Самое обидное было, что причиной такой огромной беды была такая пустяковина — «зачепился»…

Броситься на Петьку и схватить за волосы, повалиться ничком, кусать траву, рыдать и плакать — все это теперь не имело смысла. Вовка понял это. В груди стало пусто, словно вынули из нее душу. Солнце померкло. Птахи замолкли. Кора на березах почернела…

Молча он поднялся, сгорбившись, шаркая подметкой, пошел, не оглядываясь, по самой бровке крутого берега и уже не боялся оступиться, снова шлепнуться в воду. За ним медленно, как за гробом на похоронах, потянулись остальные. Петька с пустой корзинкой, Дунька, притихшая, забывшая о меньшом брате, и сам Ванька, ковылявший позади в своей длиннополой рубахе.

Спустя десятки лет Вовка, уже не Вовка, а Владимир Петрович, вспоминал этот день. И не столько то, как тонул в карьере, как горевал над сапожками, как брел, понурясь, в деревню, а другое, что было потом, в полутемной вдовьей хате тетки Насти…



Солнце светило вовсю, когда они возвращались в деревню. По пути Вовкины сапоги просохли, и вода уже не хлюпала в них противно. И рубашки на нем и Петьке высохли, только топорщились от приставшей к ним грязи, потому что карьер, где оба они барахтались, был илист и топок.

Молча стал Вовка на пороге, не решаясь войти, а позади виновато шмыгал носом Петька, смущенно хихикала Дунька и громко сопел Ванька.

— Уже сбегали? — удивилась Настя, возившаяся у печи.

— А вот мы сейчас грибков покушаем! — крикнул отец, розовощекий, веселый после крепкого деревенского сна. Примостившись на лавке у окна, он гляделся в осколок зеркала, водил по щекам густо намыленной кисточкой — готовился бриться.

— Папка, — сказал Вовка, давясь слезами. — Папка… Сапожки-то…

— Что сапожки? — спросил отец и нахмурился. — Ну-ка покажи, покажи… — Он подошел к Вовке, нагнулся, с губы его свисала пена, похожая на бородку. — Где же это тебя угораздило?

А Вовка плакал уже навзрыд, припадочно подергивая головой, сотрясаясь всем телом.

— Да ладно уж, — сказала Настя. — Бог с ними, сапожками этими.

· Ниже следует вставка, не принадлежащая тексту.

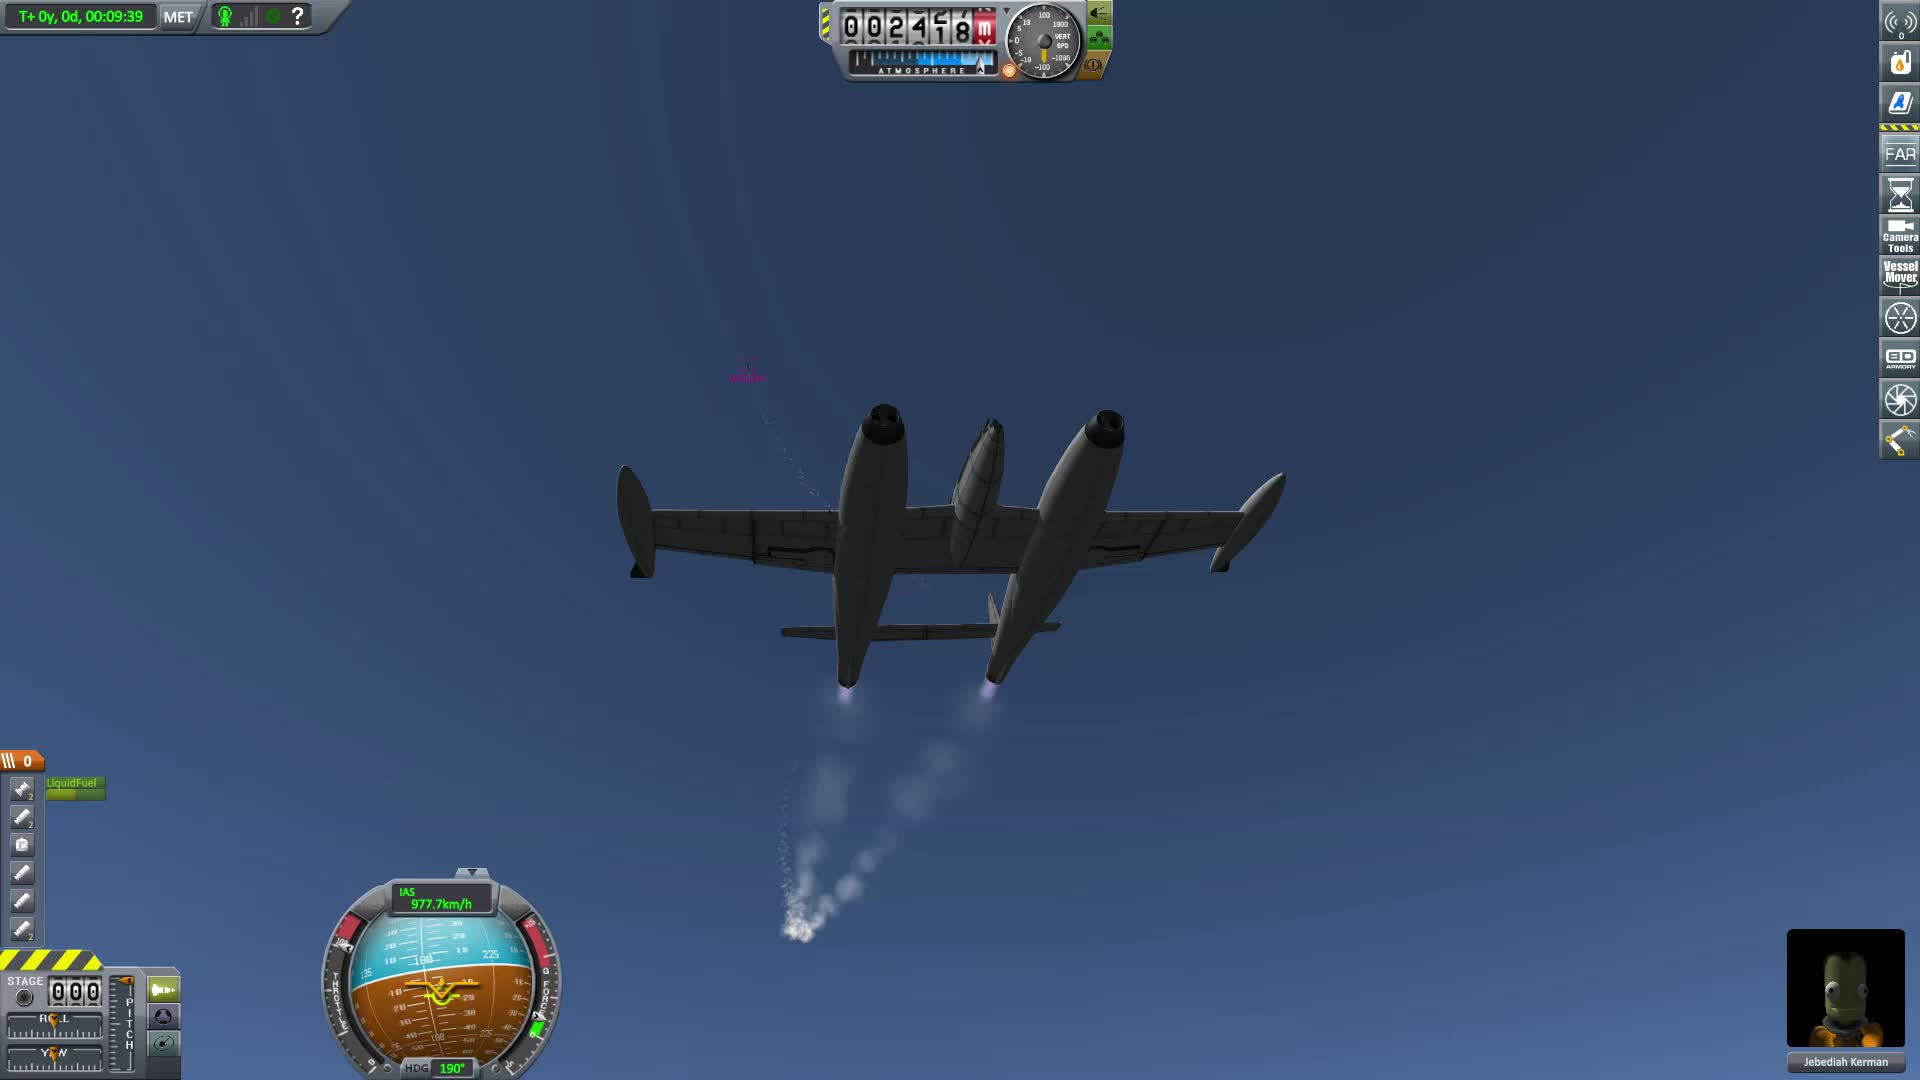 BDArmoury, Dogfight, KSP, Kerbal Space Program, Turbo Lightning vs La-200 GIFs

— Нет, не ладно! — крикнул отец. — Ему, баловню, обуви не напасешься. Не бережет ничего, не знает, как достаются деньги… Высечь его надо, негодного! — он фыркнул, стряхнул с губ пену, обидчиво насупился.

И тогда Вовка, мучимый жалостью к себе, потрясенный несправедливостью судьбы, столь жестоко с ним обошедшейся, завизжал пронзительно:

— Это все Петька виноват, он разодрал мои сапожки.

Вовка ожидал, что Петька станет защищаться, кинется к Насте объяснять, как было дело, но он не пошевелился, лишь ошеломленно таращил глаза и бормотал заикаясь:

— Дык… дык… дык я…

И, добивая его, Вовка крикнул высоким голосом, почти торжествуя:

— Это он меня в воду столкнул, он! Дунька с Ванькой видели. Он!..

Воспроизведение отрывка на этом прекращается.